A importância da literacia familiar em debate no Brasil
Enviada em 05/01/2021
Aprovada pela Assembleia Nacional Constituinte, durante o governo do presidente José Sarney, a Constituição de 1988, também denominada Constituição Cidadã, diz que todos os cidadãos tem direito a educação, visando ao pleno desenvolvimento da pessoa e sua aptidão para a ação da cidadania. Nesse contexto, atualmente, a literacia familiar consiste na participação dos pais/cuidadores no processo de aprendizagem da linguagem, da leitura e escrita dos seus filhos, sendo assim, apresenta-se como um dos meios para atingir os objetivos da carta constitucional. Desse modo, a literacia é essencial para o aprendizado da criança, não só para mitigar as desigualdades sociais, mas também para auxiliar a evolução de habilidades cognitivas e fonológicas.
Antes de tudo, é essencial compreender que as disparidades econômicas e sociais possibilita o aparecimento de uma lacuna enorme entre a alfabetização de crianças de famílias pobres e ricas, dado que, a qualidade do ensino na rede privada é superior a maioria dos colégios públicos no país. Sob esse viés, de acordo com Thomas Hobbes, teórico político e filósofo inglês, cuja principal obra é “Leviatã”, é dever do Estado garantir boas condições e o bem-estar social da população, caso contrário, deverá ser deposto. Nesse sentido, é crucial que não exista omissão do Estado em garantir meios educacionais para alunos vulneráveis e consequentemente irá abrandar os índices de pobreza no cenário nacional.

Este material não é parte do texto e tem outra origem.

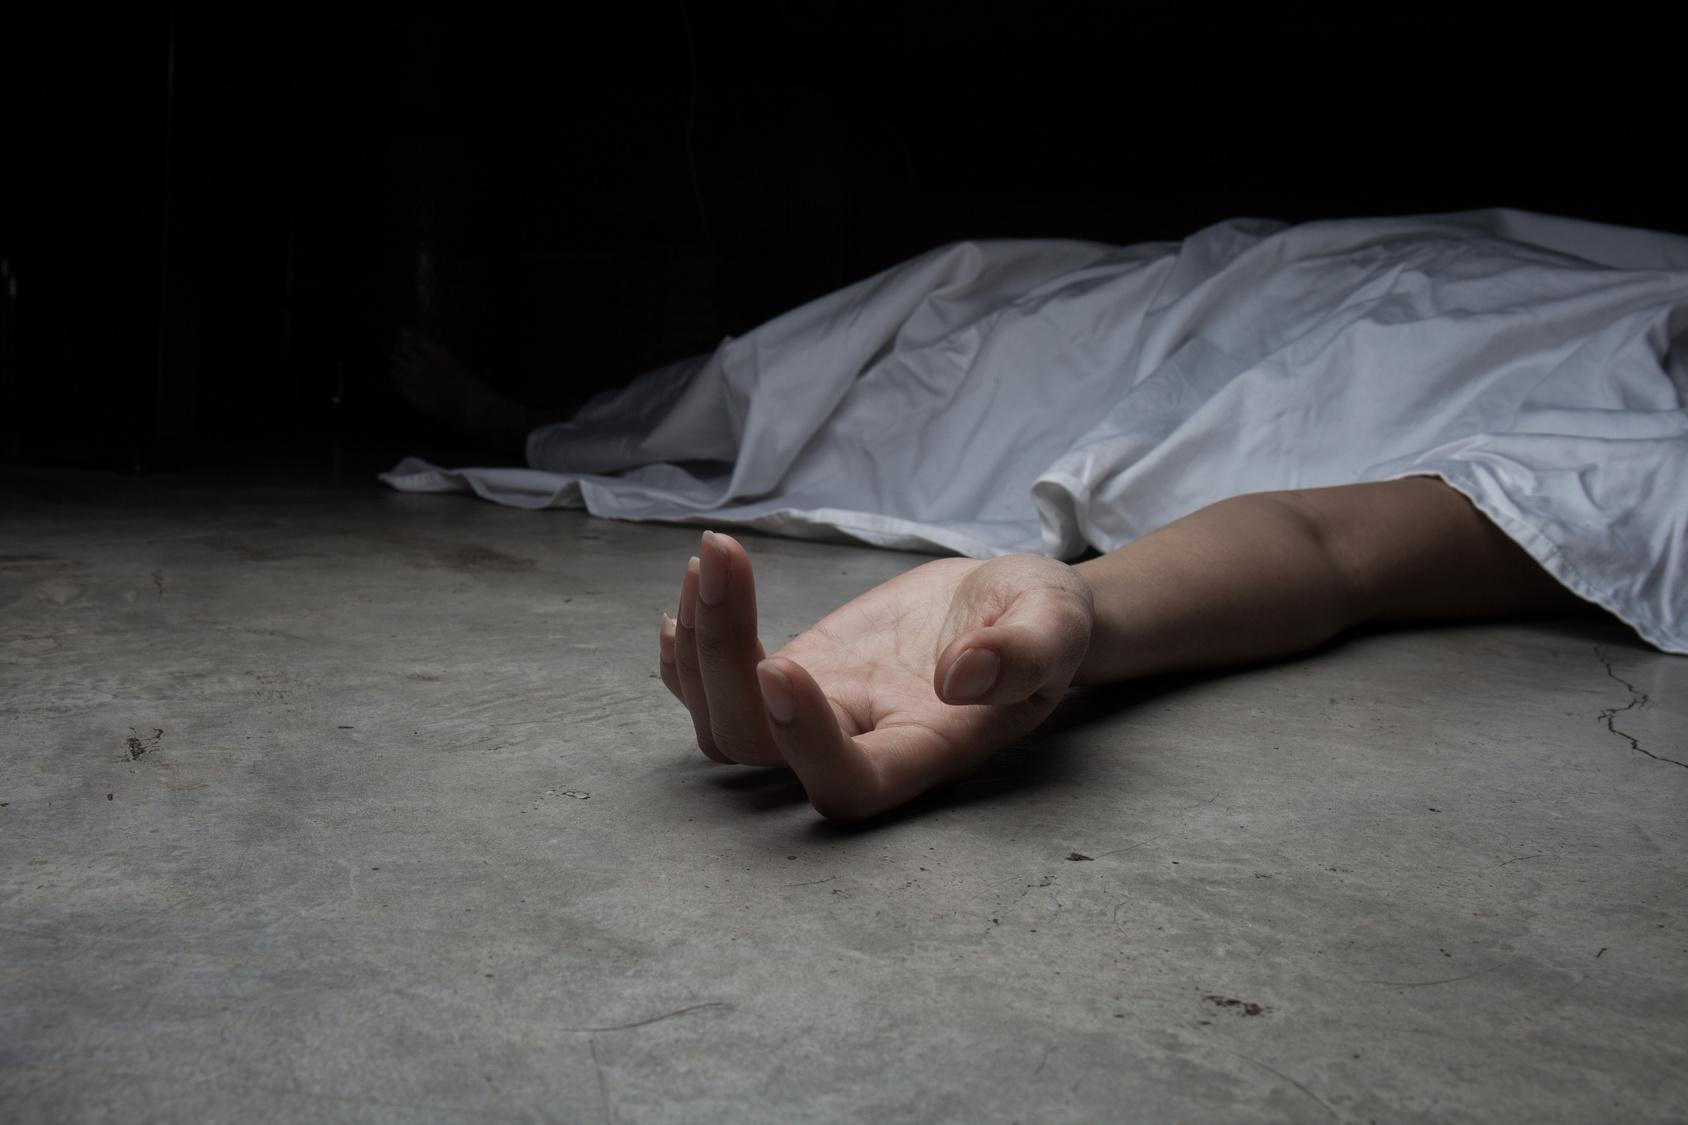 Sie trieb ihren Freund in den Selbstmord - 15 Monate Haft

Ademais, a música inserida em uma situação pedagógica adequada e relacionada com práticas de alfabetização, as condutas artísticas, proporcionam caráter lúdico à aprendizagem, desenvolvendo a memória e atenção, além de amparar o processo cognitivo e fonológico. Nessa perspectiva, segundo Arthur Schopenhauer, filósofo alemão, a música é a vitória do sentimento sobre o conhecimento. Dessa maneira, quando cantamos algo progredimos na linguagem oral e na leitura, e quando nós compomos progredimos na escrita, além de ser uma forma de entender o passado e ilustrar o nosso presente.

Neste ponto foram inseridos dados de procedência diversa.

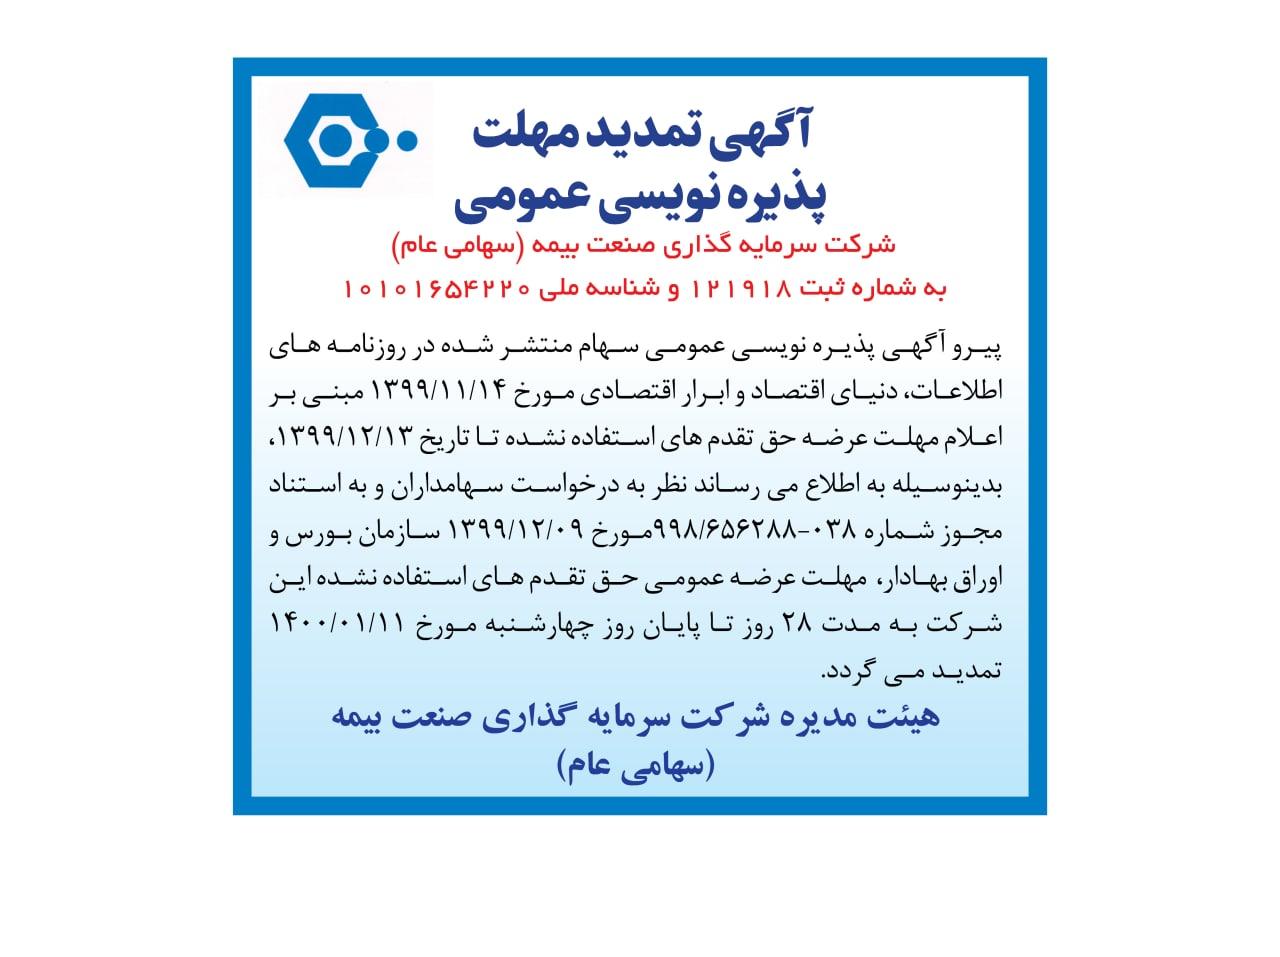 آگهی تمدید مهلت پذیره نویسی

Portanto, é inegável a importância da literacia familiar nos dias atuais, contudo, é pouco difundido entre os familiares. Dessa forma, é necessário que o Tribunal de Contas da União direcione capital que, por intermédio do Ministério da Educação, será revertido na criação de acervos de livros digitais ou físicos em bibliotecas públicas.Desse jeito, por meio de propagandas será discutido a relevância da leitura em ambiente familiar, a fim de conceder educação a todos. Desse jeito, metas constitucionais serão realizadas.